Acidente de viação. Despiste de veículo. Dupla causa do acidente. Indemnização

ACIDENTE DE VIAÇÃO. DESPISTE DE VEÍCULO. DUPLA CAUSA DO ACIDENTE. INDEMNIZAÇÃO

APELAÇÃO Nº 3113/16.3T8LRA.C1
Relator: CARLOS MOREIRA
Data do Acórdão: 27-06-2023
Tribunal: JUÍZO CENTRAL CÍVEL DE LEIRIA
Legislação: ARTIGO 24.º, 1, DO CÓDIGO DA ESTRADA. DECRETO REGULAMENTAR N.º 7/98, DE 6/5. ARTIGOS 1.º, 2; 3.º; 4.º E 6.º, 2 DA PORTARIA N.º 377/2008, DE 26/5. ARTIGOS 607.º, 3 A 5; 615.º, 1, C) E D) E 640.º, DO CPC. ARTIGOS 483.º; 494.º; 496.º, 1 E 4; 563.º; 564.º, 2 E 566.º, 3, DO CÓDIGO CIVIL

 Sumário:

I – A sentença apenas é nula por infundamentada se os fundamentos, factuais ou jurídicos, de todo inexistirem ou existirem em grau que não permita a sindicância da sua (i)legalidade; e apenas é nula por contradição entre os fundamentos e a decisão se entre eles existir uma contradição lógico formal, e já não quando o juiz opera uma subsunção ou exegese com a qual se não concorda, hipótese que insere no âmago substantivo da (i)legalidade.

II – Provados e não provados podem ser apenas os factos materiais – ocorrências da vida real – concretos precisos e concisos, que tenham sido alegados e tenham interesse para a decisão, que não conceitos jurídicos ou factuais conclusivos e/ou que para ela sejam irrelevantes ou inócuos.

Ademais, considerando a imediação e oralidade, que permitem uma apreciação ética dos depoimentos, a convicção probatória do Juiz a quo, máxime se alicerçada em prova pessoal, apenas pode ser censurada se patentemente desconforme a tal prova e à demais produzida.

III – O artigo 563º do C.Civil consagrou a doutrina da causalidade adequada, na formulação negativa de Enneccerus-Lehman, nos termos da qual a inadequação de uma dada causa para um resultado deriva da sua total indiferença para a produção dele.
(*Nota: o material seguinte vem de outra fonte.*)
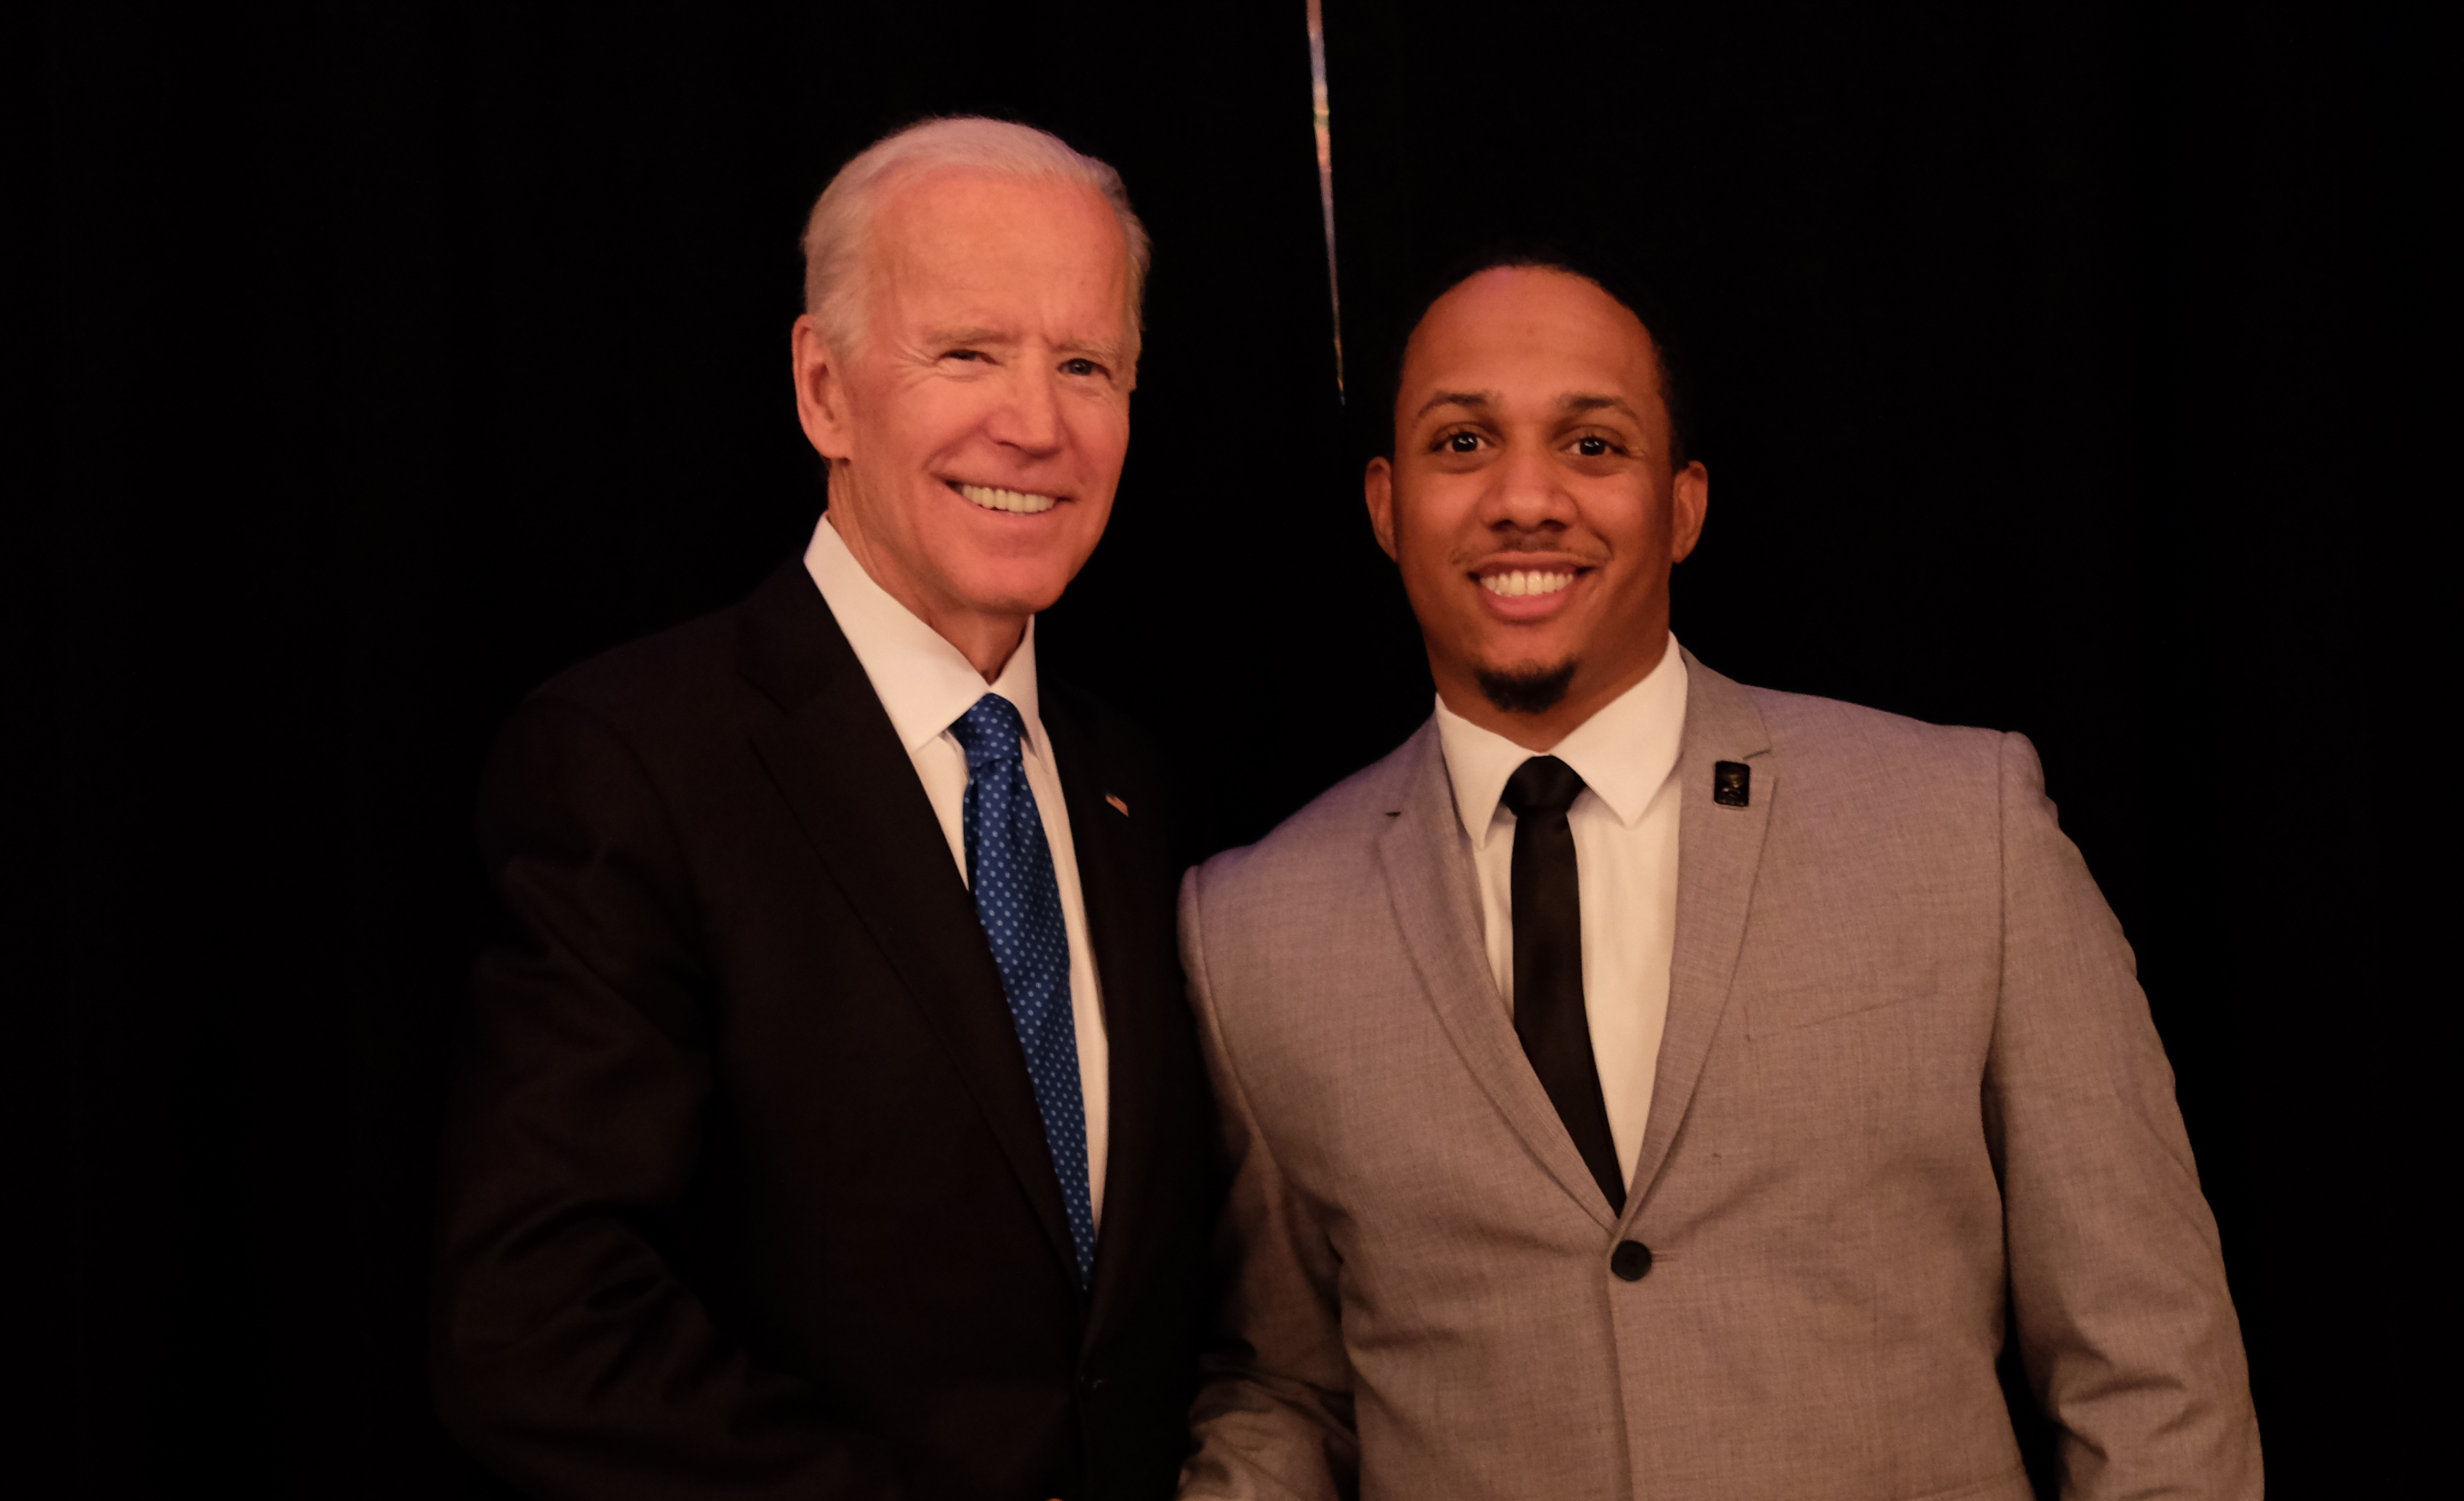 Former U.S. Vice President Joe Biden (l) congratulates Kyle Sheppard after presenting him the Biden Courage Award for his work at DSU to prevent sexual and domestic abuse.

IV – Se se prova que o despiste de veículo ocorreu num troço da estrada que tinha água e gelo, e em que ele circulava com pneu parcialmente com os sulcos abaixo do mínimo legal e em excesso de velocidade, o sinistro emerge de duas causas, uma natural e outra humana, cuja contribuição para o mesmo pode ser fixada em metade para cada uma.

V – Julga-se adequado para indemnizar lesado em acidente de viação por danos futuros que, nuclearmente, aos 58 anos, ficou totalmente incapacitado para a sua atividade profissional, na qual auferia cerca de 1.540,00 euros mensais, como comerciante, a quantia de 140.000 euros.

VI – Tem-se por razoável, para ressarcir o dano biológico, para o mesmo lesado que, essencialmente: i) ficou com uma incapacidade permanente geral de 53 pontos; ii) com um défice funcional permanente da integridade físico-psíquica fixável em 31 pontos; iii) com repercussão permanente nas atividades desportivas e de lazer fixável no grau 5/7; iiii) ficou impossibilidade de permanência em pé por períodos superiores a 10 minutos; iiiii) e ficou com a perna esquerda mais curta em cerca de 2 cm, necessitando de auxiliares de marcha., a quantia de 75.000,00 euros.

VII –Julga-se admissível arbitrar a titulo de danos não patrimoniais, para o mesmo lesado que, mais relevantemente: i) – foi submetido a duas intervenções cirúrgicas; ii) esteve internado cerca de dois meses e meio; iii) tem dificuldade em dormir sem medicação; iiii) tem alterações neuro-psiquiátricas enquadráveis num contexto pós traumático; iiiii) foi-lhe fixado um quantum doloris no grau 6/7;iiiiii) teve repercussão permanente na atividade sexual fixável no grau 4/7. – a compensação de 45.000 euros.